The end state would be to make the rewriting powerful enough that trying to claim infringement would also hit manually created code.
Alternately, generate code that is optimized for some task by some metric, and show that because the code is best by this criterion, it doesn't show creativity.
Another possibility here is for the LLM vendor to log the code generation tasks typically asked for and then salt the model with vetted, correct, non-infringing code for those questions.
While I think that would probably get around the copyright infringement issues, it still bothers me.
I don't like the idea that a corporation can hoover up countless open source code and contributions (including mine), and then use that to make money selling code generation assistance to other people, even if the output of that code generation would be different enough to any specific copyrighted block of code such that it couldn't result in a copyright infringement claim.
It's not even clear that we can stop this from happening; it's certainly possible that a "GPLv4" that had a provision against using covered code for LLM trailing would be legally (if not just practically) unenforceable.
To me, the ickiest part is centralization. While models and training tools will probably (maybe?) get cheaper over time, building and operating something like Copilot requires a lot of money and resources. Do we really want these capabilities to be locked up inside big, well-capitalized corporations? For me, the answer to that is a resounding hell no.

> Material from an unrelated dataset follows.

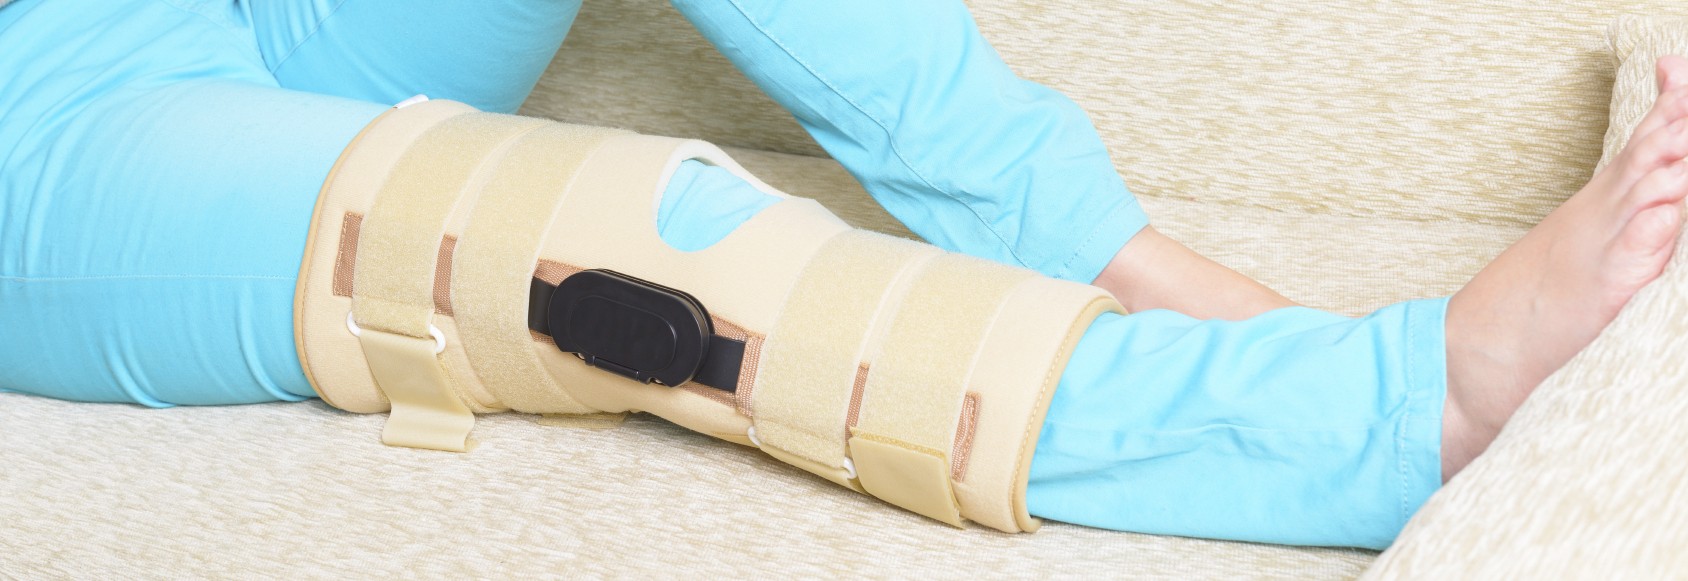 Joint Support: Braces, Wraps, and Compression Gear

That said, the presence or absence of these individuals in specific threads is curious. The "all forms of copyright are unethical" people are all over the Disney threads. Surely anyone with such a keen interest in copyright law and policy would wish to comment on this thread as well, the topics being so similar?
For crying out loud, this submission is an hour old. People have barely had time to even know it exists.
Do you think people are just seething to have arguments and set up alarms to be woken up one the middle of the night whenever there’s a conversation involving copyright on HN?
Or may, just maybe, it’s different people and HN is not an amorphous hive mind where everyone thinks the same thing all the time.
It boggles the mind how there’s always someone on HN complaining about HN’s hypocrisy. Clearly not everyone on this site shares opinions on everything, else you wouldn’t be making the criticism.
Everything was going great and I had a working example, so I decided to look online for some example code to verify I was doing things correctly, and not making any glaring mistakes. It was then that I found an exact line by line copy of what chat gpt had given me. This was before it had the ability to google things, and the code predated openAI. It had even brought across spelling errors in the variables, the only thing it changed was it translated the comments from Spanish to English.
I had always been under the impression that chat gpt just learned from sources, and then gave you a new result based roughly on its sources. I think some of the confounding variables here were, 1. this was a very specific use case and not many examples existed, and 2. all opengl code looks similar, to a point.
The worst part was, there was no license provided for the code or the repo, so it was not legal for me to take the code wholesale like that. I am now much more cautious about asking chat gpt for code, I only have it give me direction now, and no longer use 'sample code' that it produces.